There’s all kinds of stuff being sold at the Souks but if you’re looking for fresh products, you’re better off at the Municipal Market outside the Medina. Seafood and fish apparently were the most popular goods according to the volume and amount of people.

Tunis market Tunis market

Btw when you exit the Medina, the face of the city changes: That part clearly has a more European look with grand French-style buildings and street layout. The Avenue Habib Bourgiba has gained world wide attention as the place where the Arab spring has first started.
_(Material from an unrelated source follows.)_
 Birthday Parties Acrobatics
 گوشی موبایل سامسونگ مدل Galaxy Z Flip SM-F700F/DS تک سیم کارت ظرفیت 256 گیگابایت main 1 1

Unfortunately what also comes to one’s mind when thinking of Tunisia are the horrible attacks from 2015. One of them happened at Tunis’ most popular attraction, the Bardo National Museum. A humble memorial board at the reception pays tribute to the victims and it seemed that people were still avoiding it, because it was very quiet for a museum of such significance (it’s Africa’s second largest museum and contains one of the largest collections of Roman mosaics). Although I’m not very proficient in ancient history, the giant tile and mosaic works were very impressive to look at – clearly a must-visit!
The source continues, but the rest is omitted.